Secret Enrichment Facility Discovered In Iran

A day after passing a UN resolution to move toward total nuclear disarmament, Barack Obama joined Nicolas Sarkozy and Gordon Brown to disclose the existence of a secret Iranian site used to enrich low-grade uranium. Iran has acknowledged the site, but “The (IAEA) also understands from Iran that no nuclear material has been introduced into the facility." Obama had this to say:

Appearing before reporters in Pittsburgh, Mr. Obama said that the Iranian nuclear program “represents a direct challenge to the basic foundation of the nonproliferation regime.” President Nicholas Sarkozy of France, appearing beside Mr. Obama, said that Iran had a deadline of two months to comply with international demands or face increased sanctions.

“The level of deception by the Iranian government, and the scale of what we believe is the breach of international commitments, will shock and anger the entire international community,” Prime Minister Gordon Brown of Britain said, standing on the other side of Mr. Obama. “The international community has no choice today but to draw a line in the sand.”
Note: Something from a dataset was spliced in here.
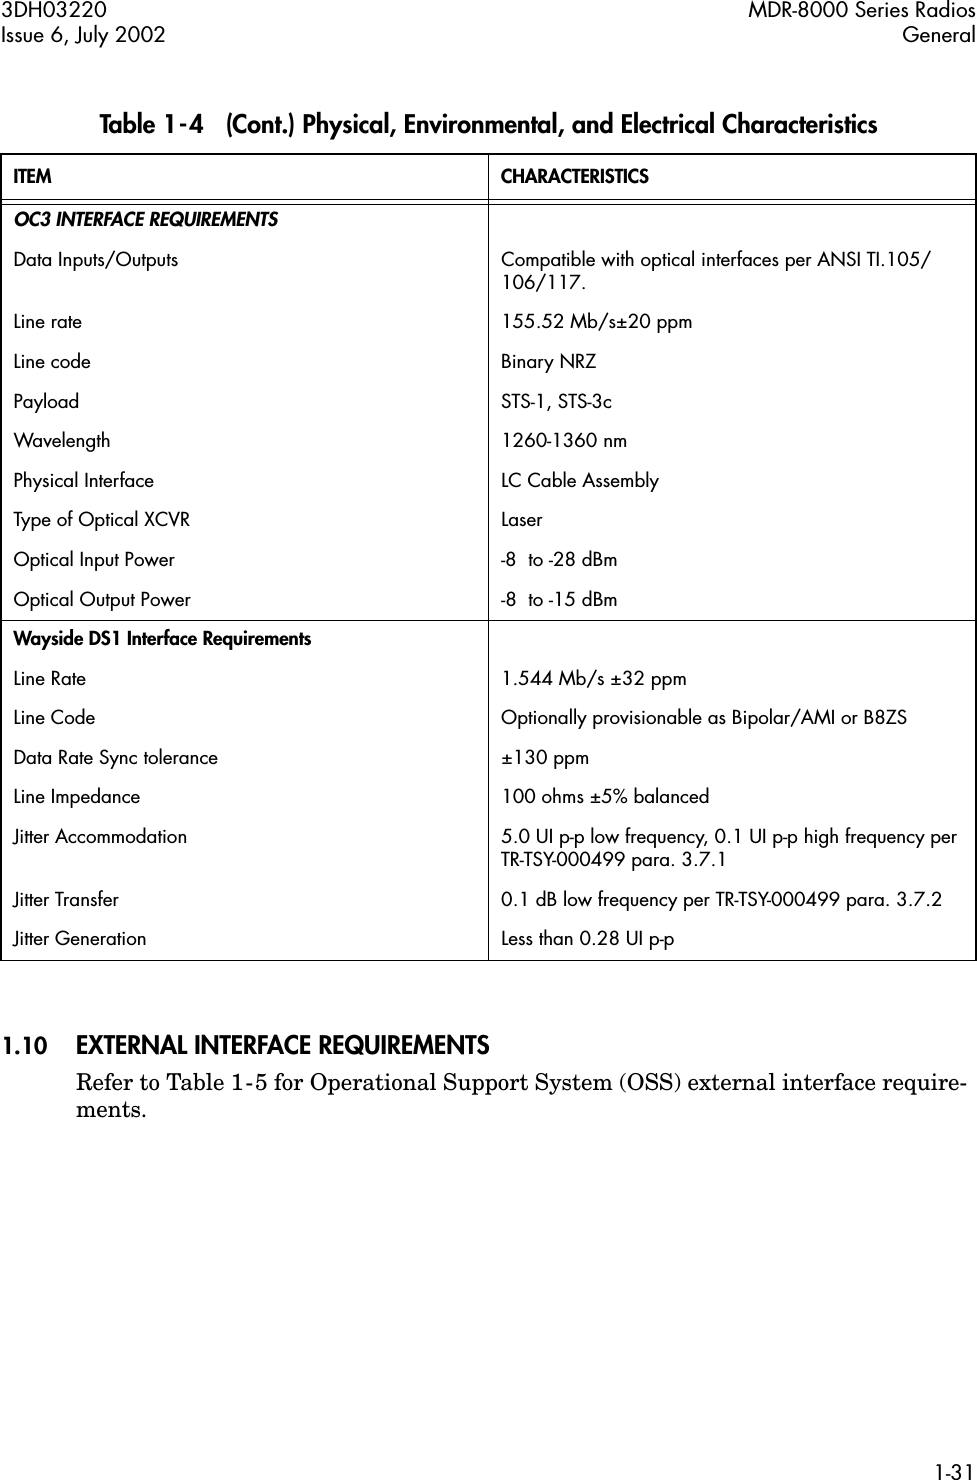 3DH03220 MDR-8000 Series RadiosIssue 6, July 2002 General1-311.10 EXTERNAL INTERFACE REQUIREMENTSRefer to Table 1-5 for Operational Support System (OSS) external interface require-ments.OC3 INTERFACE REQUIREMENTSData Inputs/Outputs Compatible with optical interfaces per ANSI TI.105/106/117.Line rate 155.52 Mb/s±20 ppmLine code Binary NRZPayload STS-1, STS-3cWavelength 1260-1360 nmPhysical Interface LC Cable AssemblyType of Optical XCVR LaserOptical Input Power -8  to -28 dBmOptical Output Power -8  to -15 dBmWayside DS1 Interface RequirementsLine Rate 1.544 Mb/s ±32 ppmLine Code Optionally provisionable as Bipolar/AMI or B8ZS Data Rate Sync tolerance ±130 ppmLine Impedance 100 ohms ±5% balancedJitter Accommodation 5.0 UI p-p low frequency, 0.1 UI p-p high frequency per TR-TSY-000499 para. 3.7.1Jitter Transfer 0.1 dB low frequency per TR-TSY-000499 para. 3.7.2Jitter Generation Less than 0.28 UI p-pTable 1-4   (Cont.) Physical, Environmental, and Electrical CharacteristicsITEM CHARACTERISTICS

It sounds like US intelligence had been monitoring the facility, near the holy city of Qom, for years, but recently had their cover broken, which led Iran to disclose the existence of the plant to the IAEA. Obama said today that "the size and configuration of this facility is inconsistent with a peaceful program," although I'm wondering about the exact meaning of that remark, given the claim that no enriched uranium exists there, which American officials confirm (they say it could be ready by next year).

This comes right before the October 1 meeting between Iran and Western powers, and is sure to add some intensity to them.

This latest disclosure, along with the stolen election and state-sponsored repression of dissent, is turning Iran into a pariah regime, like North Korea.

Iran has the right under the Nuclear Nonproliferation Treaty to learn how to produce enriched uranium to fuel the reactors it is building. But the centrifuges it is using are an open-ended technology, such that if a nation can learn to use them to enrich uranium to 22 percent (enough for reactor fuel), there is no absolute bar to its learning to enrich to the 95 percent required for a nuclear bomb. Iran can therefore only allay suspicions that it actually wants a bomb by allowing thorough (and even surprise) U.N. inspections and by granting greater access to its scientists, engineers and equipment. Iran was caught doing undeclared weapons-related research in 2002, which is forbidden in the NPT, so it is on a kind of probation from the point of view of the West [...]

Iran may be counting on Russia and China to come to its aid. Khamenei and Ahmadinejad would be foolish to make that bet. Although Russia's prime minister (and de facto leader), Vladimir Putin, recently spoke out against further sanctions on Iran, President Dmitry Medvedev indicated in a CNN interview on Sunday that Russia's patience is not infinite. He said, "Iran must cooperate with the IAEA [International Atomic Energy Agency], this is an absolutely indubitable thing, if it wishes to develop its nuclear dimension, nuclear energy program." It is possible that Russia will be more flexible on the Iran sanctions issue now that President Obama has canceled plans to build missile shield facilities in Poland and a radar station in the Czech Republic, plans to which Moscow had vehemently objected. Likewise, Obama is seeking to blunt Iran's propaganda campaign concerning the nukes of the great powers by pushing for further nuclear disarmament in the U.S. and Russia.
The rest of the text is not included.